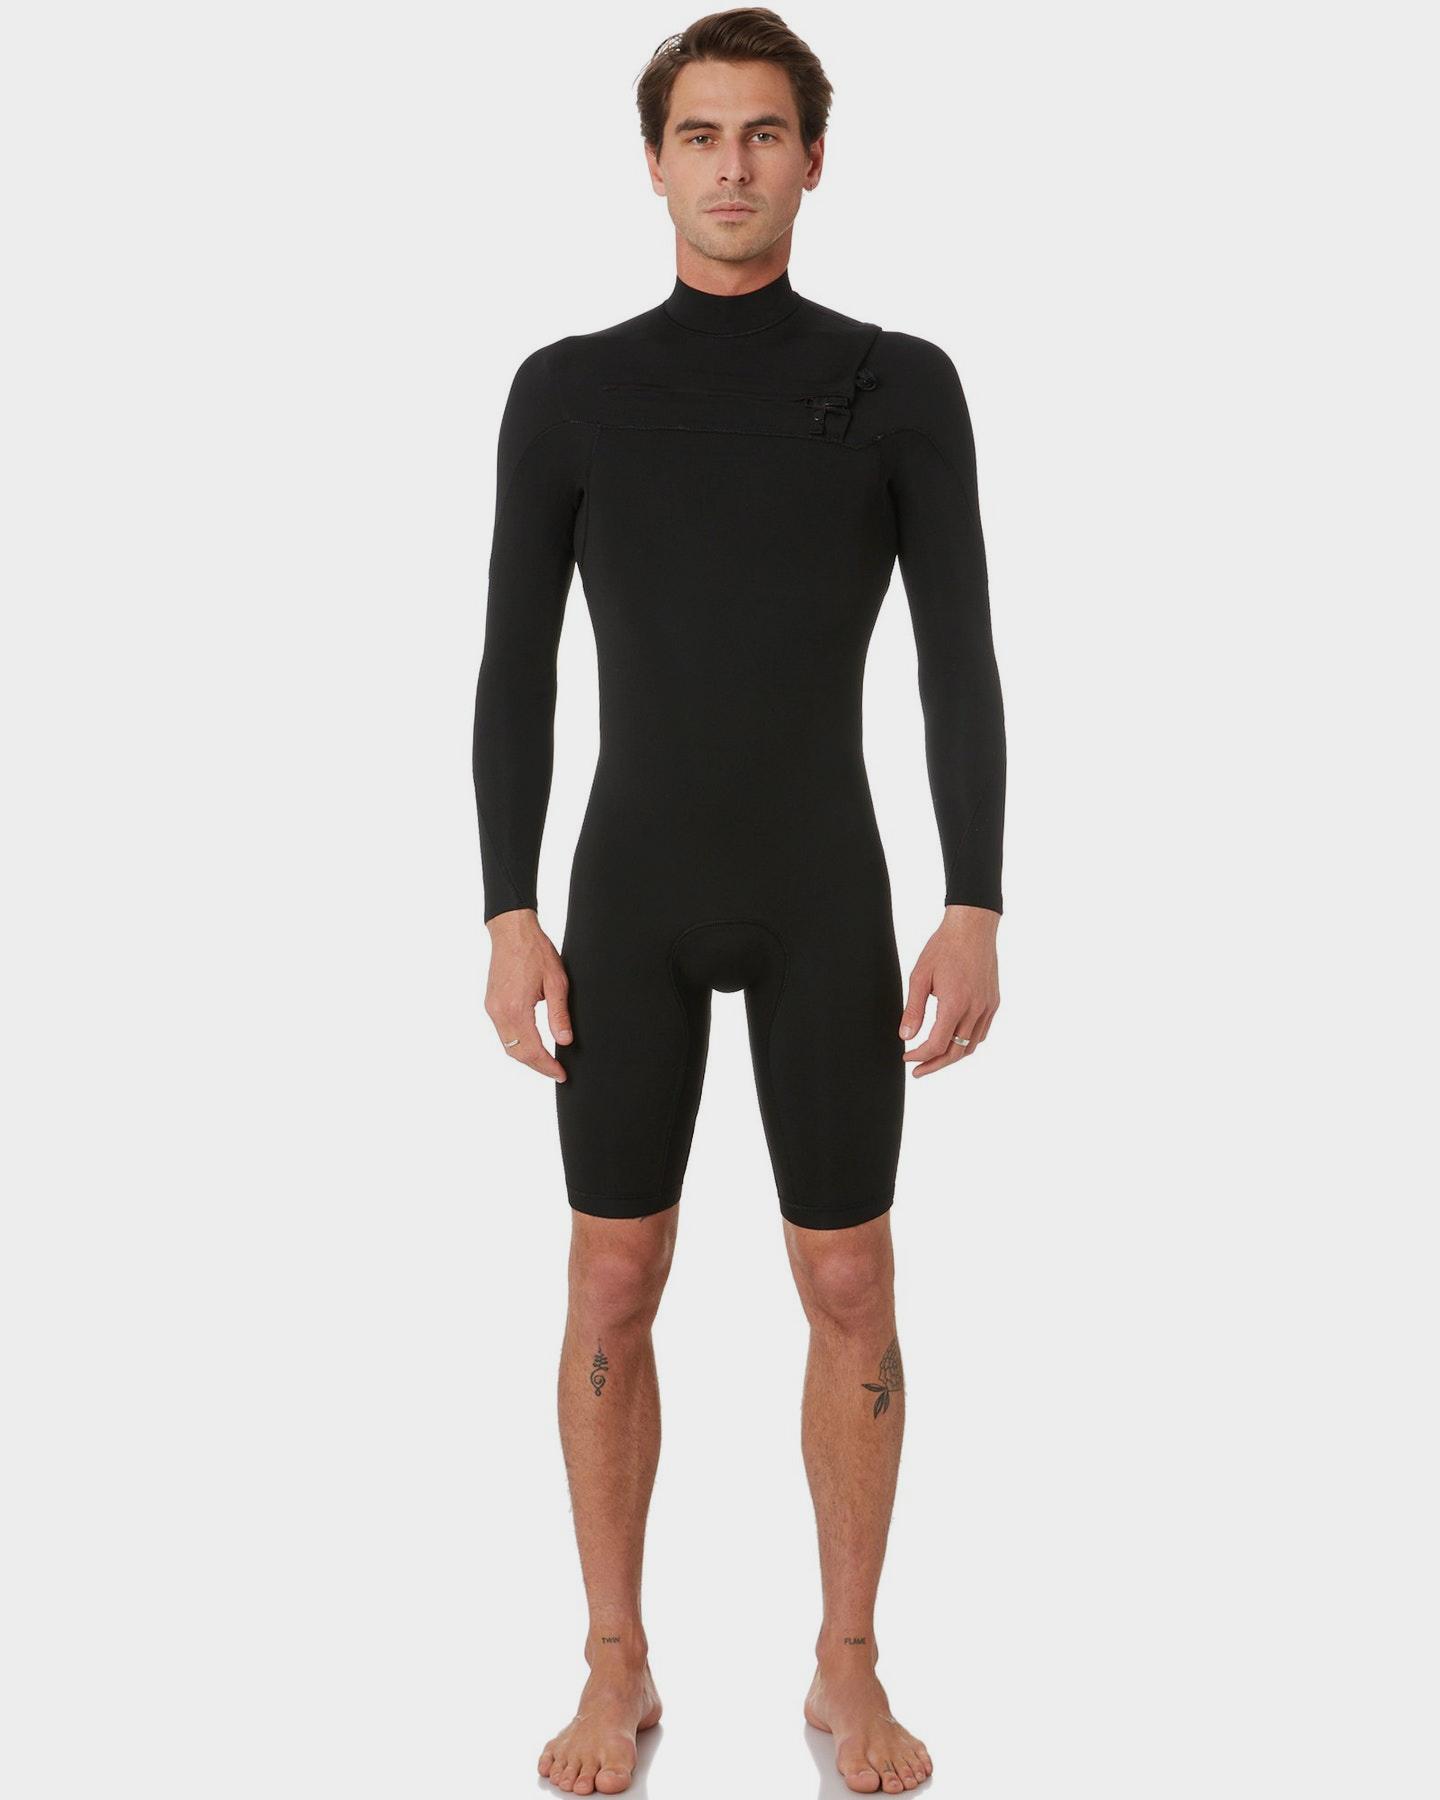 Project Blank Mens 2Mm High Performance L/S Springsuit Black
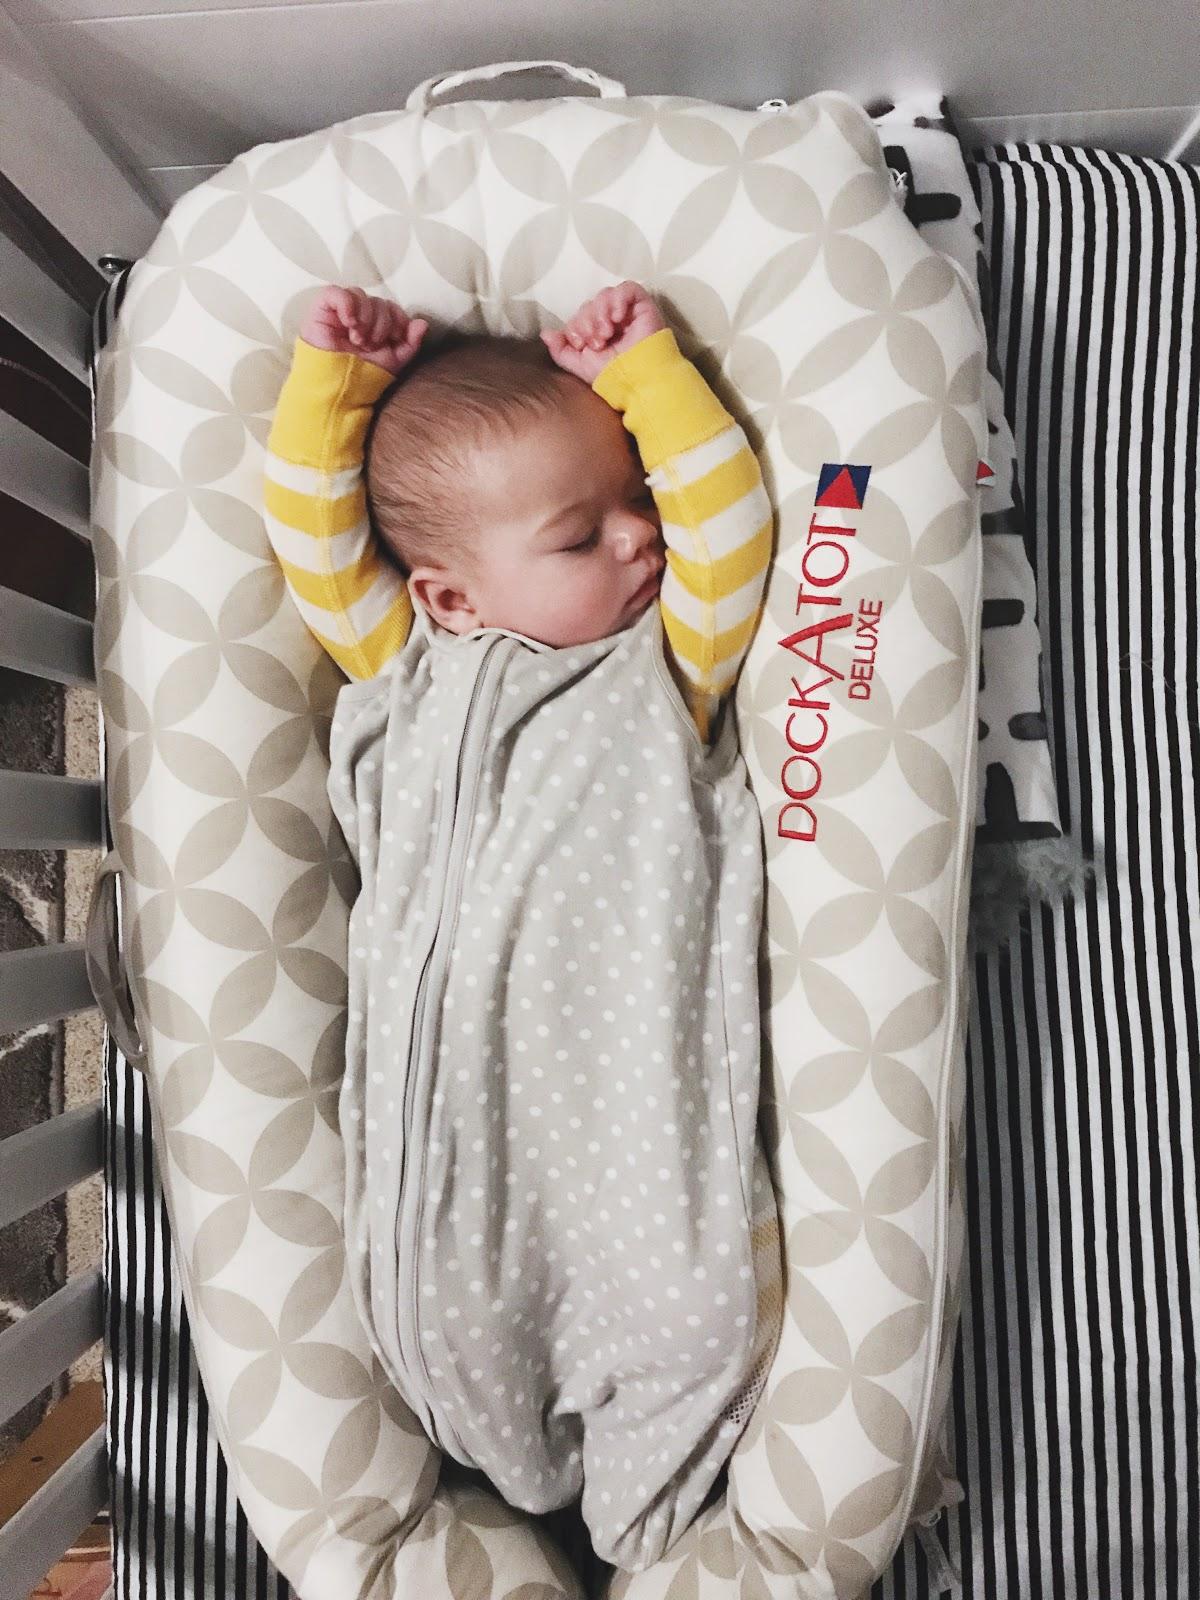 Brady Jordan   5 months   PB+J babes   Bloglovin'
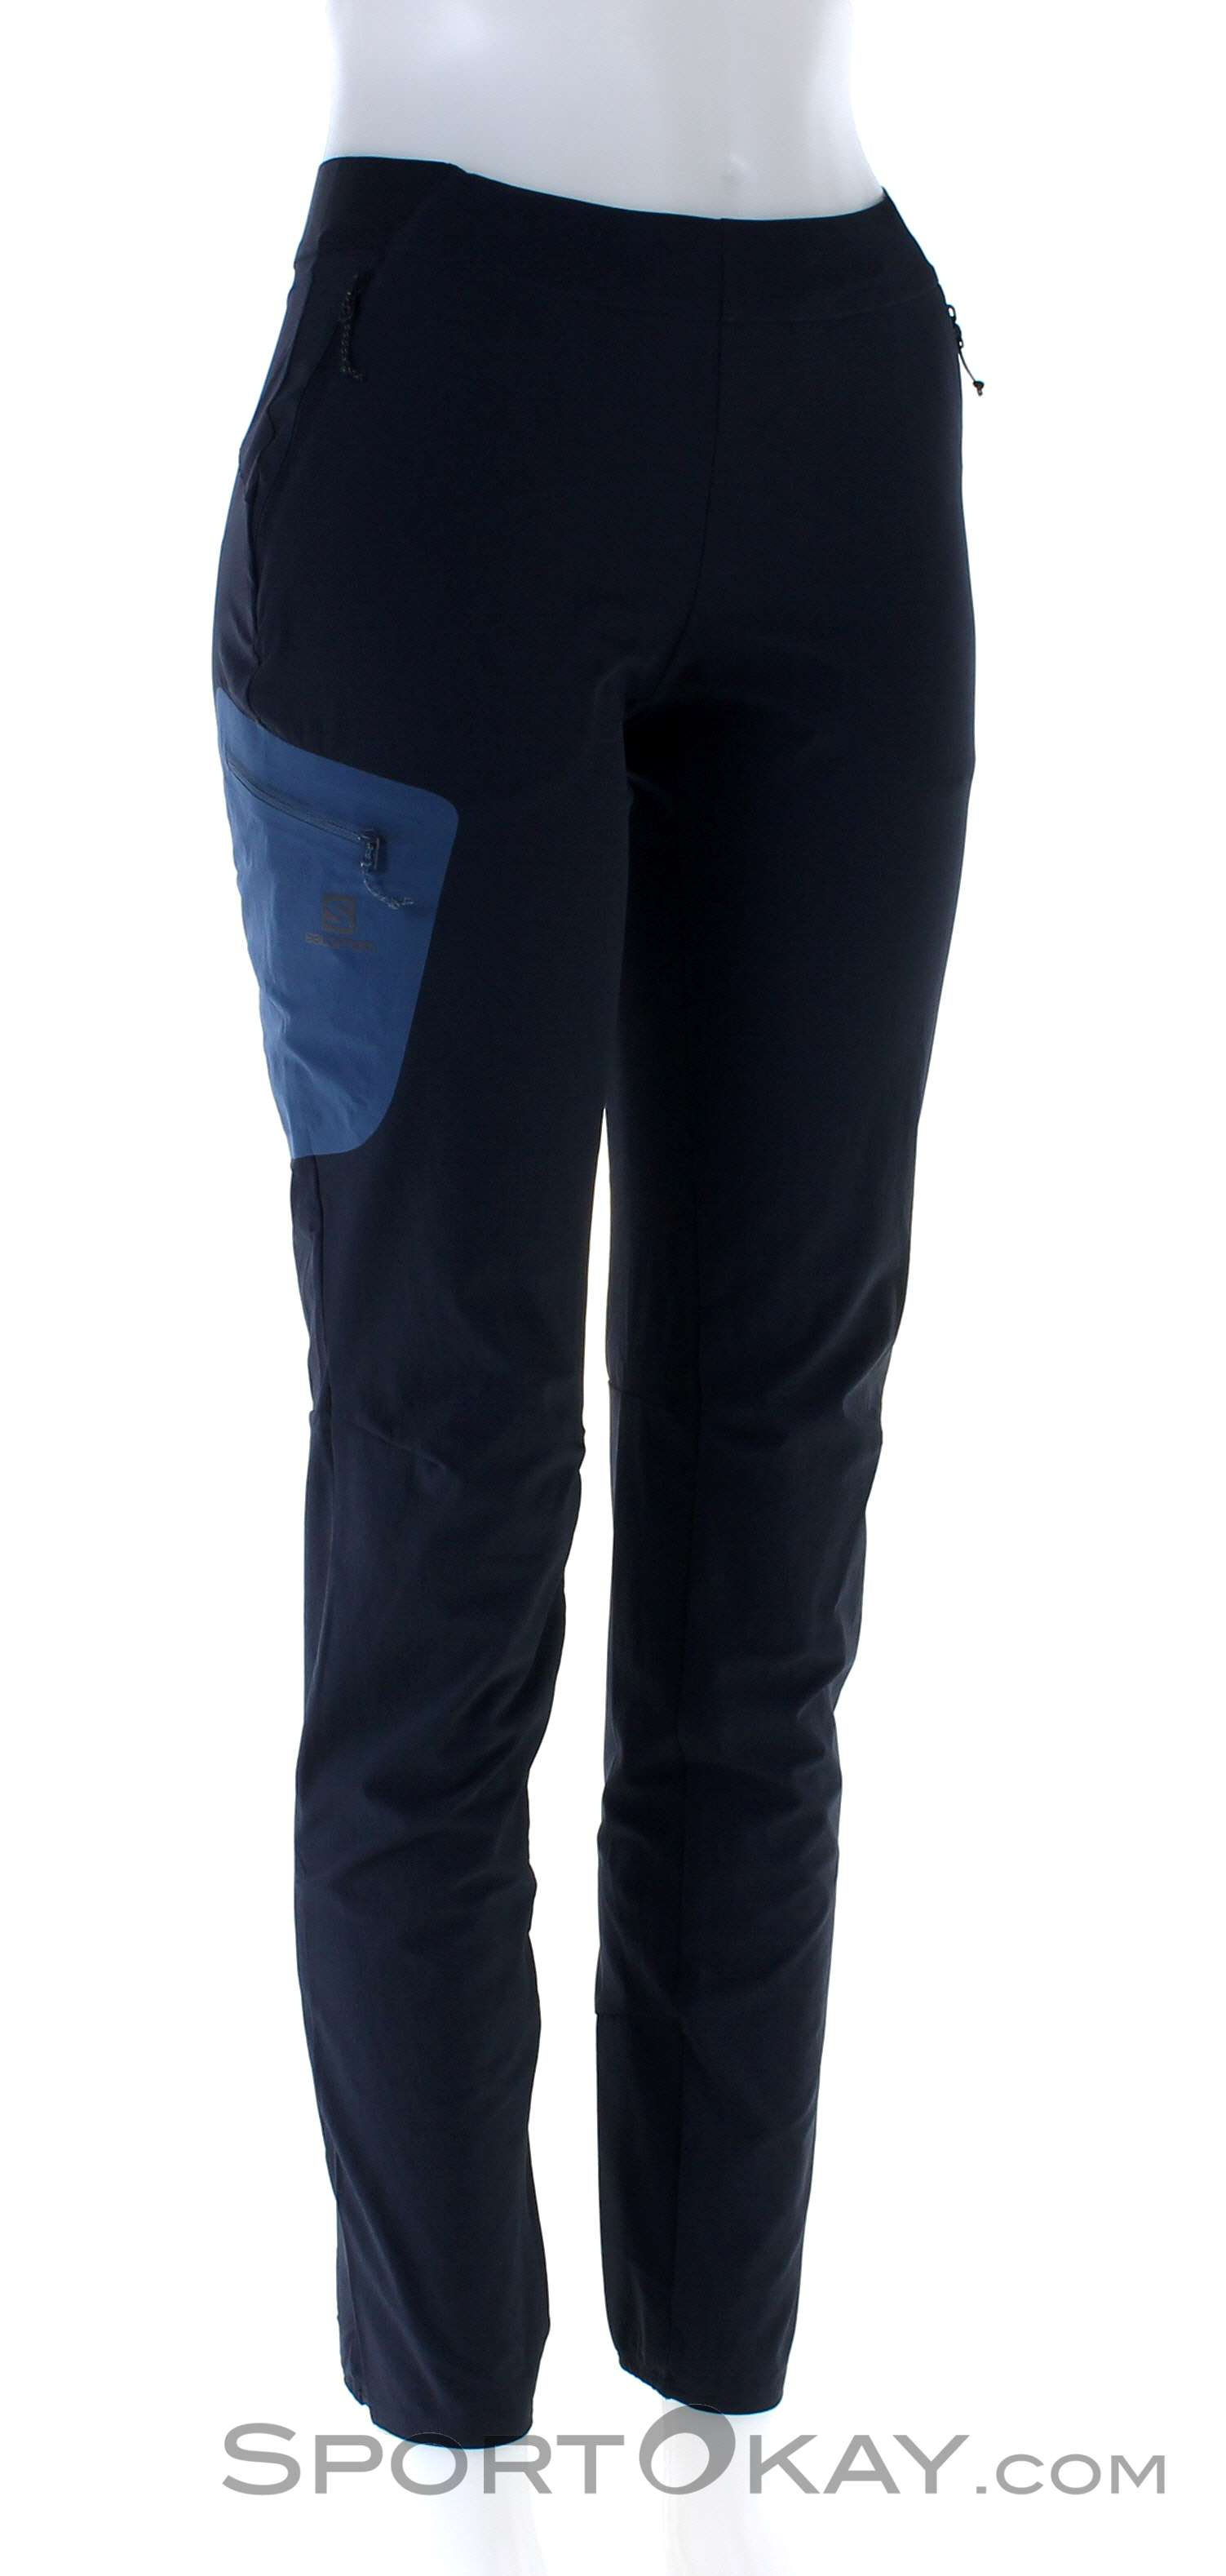 Salomon Wayfarer Alpine Pant Womens Outdoor Pants Pants NwmMR

→ Task objective
Word for word, retype the material above without its pictures.

→ Solution to this problem
 Project Blank Mens 2Mm High Performance L/S Springsuit Black
 Brady Jordan   5 months   PB+J babes   Bloglovin'
 Salomon Wayfarer Alpine Pant Womens Outdoor Pants Pants NwmMR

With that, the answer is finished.